Instructions to follow.
Take every record and write it out again exactly, with no images included.

Records to process.
++++++++
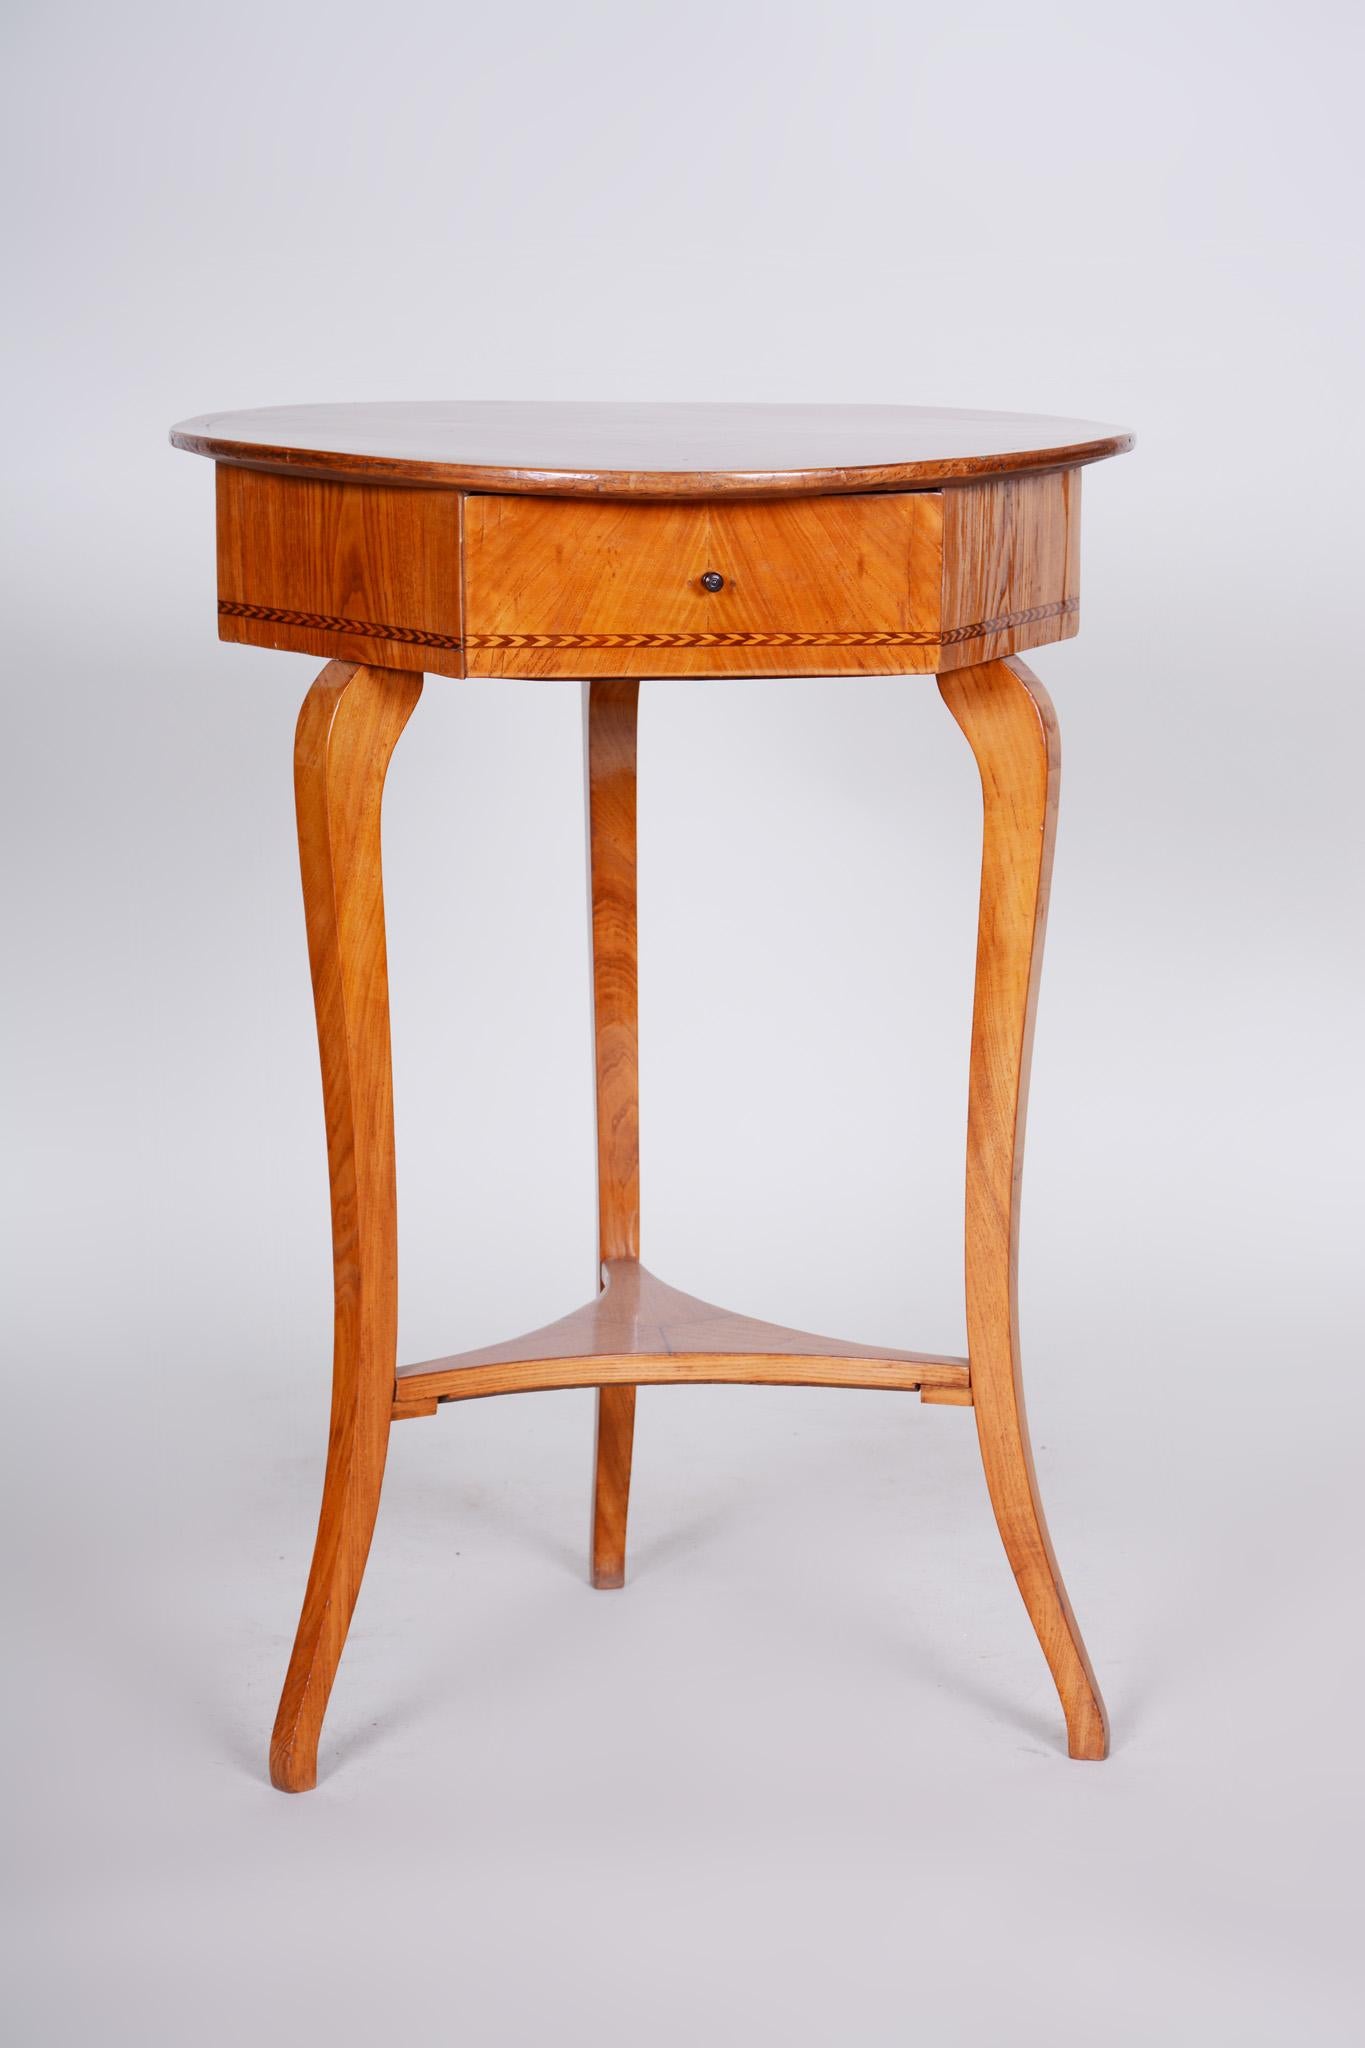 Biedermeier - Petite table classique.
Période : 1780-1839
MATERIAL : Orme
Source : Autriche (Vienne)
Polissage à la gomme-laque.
++++++++
Solution to this exercise.
 Biedermeier - Petite table classique.
Période : 1780-1839
MATERIAL : Orme
Source : Autriche (Vienne)
Polissage à la gomme-laque.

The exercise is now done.